Foam rolling is a form of a self-myofascial release massage performed using a cylindrical piece of foam.

It helps soothe soreness, and inflammation, increase joint range of motion, and, most importantly, relieve muscle tightness, especially in the hamstrings.

Don’t take my word for it. Research published in the International Journal of Sports Physical Therapy highlights the benefits of self-myofascial release techniques, like foam rolling, in alleviating muscle tightness and enhancing recovery (Cheatham et al., 2015)..”

What’s more?

Foam rolling is a fantastic tool to add to your warm-up or cool-down routine before and after running.

It also works very well for relieving hip pain from running.


It’s simple.

Foam rolling breaks down and soothes knots that hinder the range of motion, preparing your muscles for stretching and optimum performance.

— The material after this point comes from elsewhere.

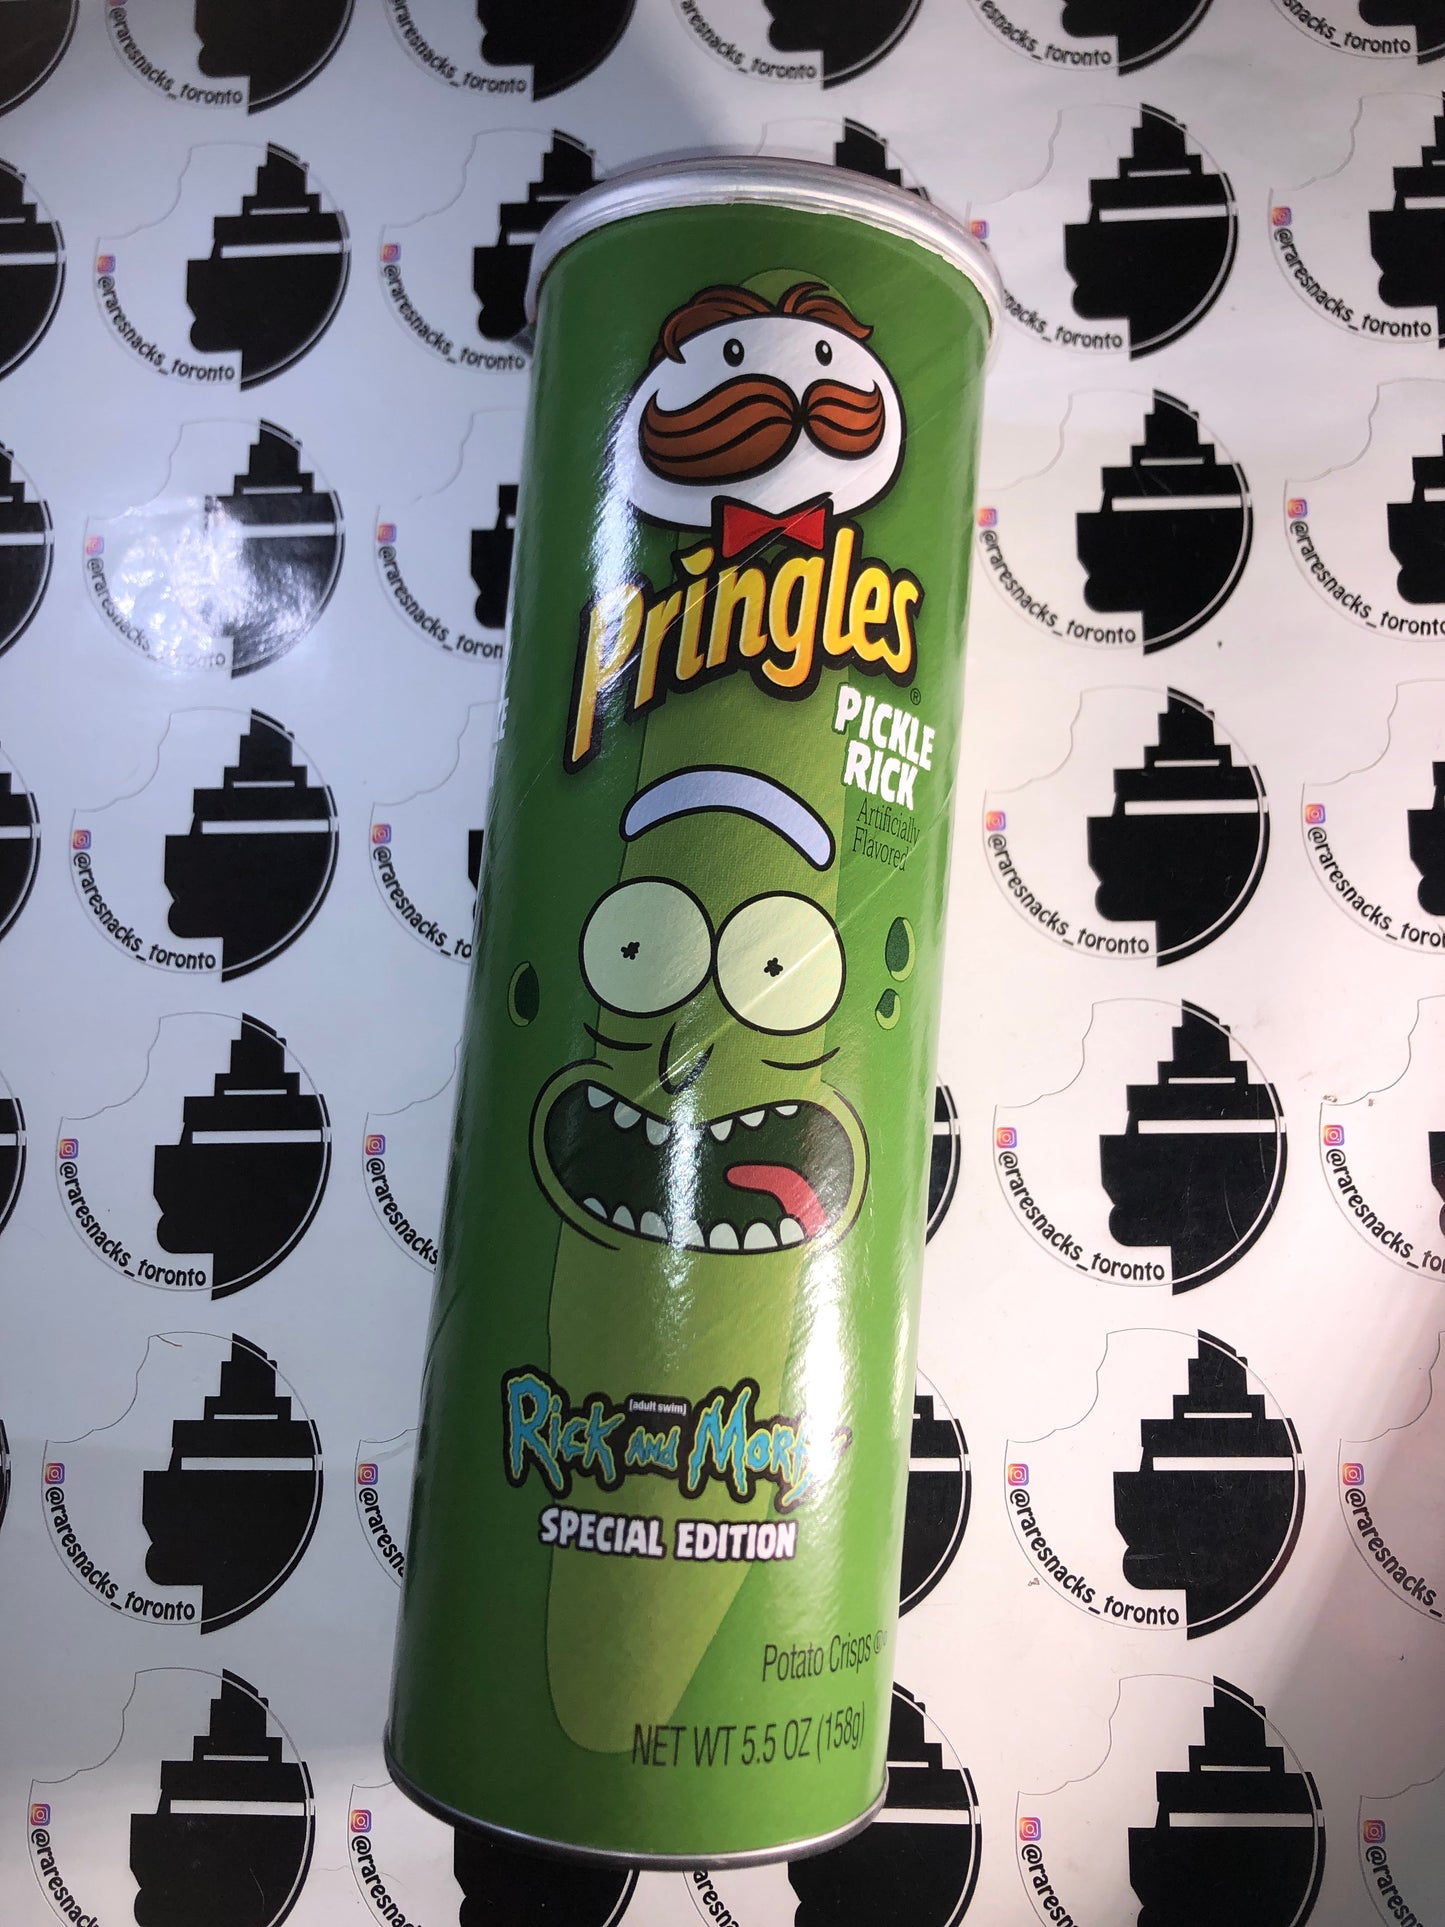 Pringle’s Pickle Rick Limited Edition

Here’s a quick foam roll stretch you can use to target your hamstrings.

Begin by sitting on the floor with your legs extended in front of you.

Place the roller beneath your upper thigh.

Put your hands behind you, fingers facing away.

Next, place the foam roller beneath your right hamstring, and bring your left ankle up to the rest of the right knee, then lift your bottom off the floor, so your weight is resting on your hands and the foam roller.

Roll back and forth so that the foam roller rolls up and down the entire back of your thigh, and look for tender spots or tension points throughout both of the hamstrings.

Keep in mind that you can also use a baseball or tennis bass for the same purpose if you don’t have a foam roller.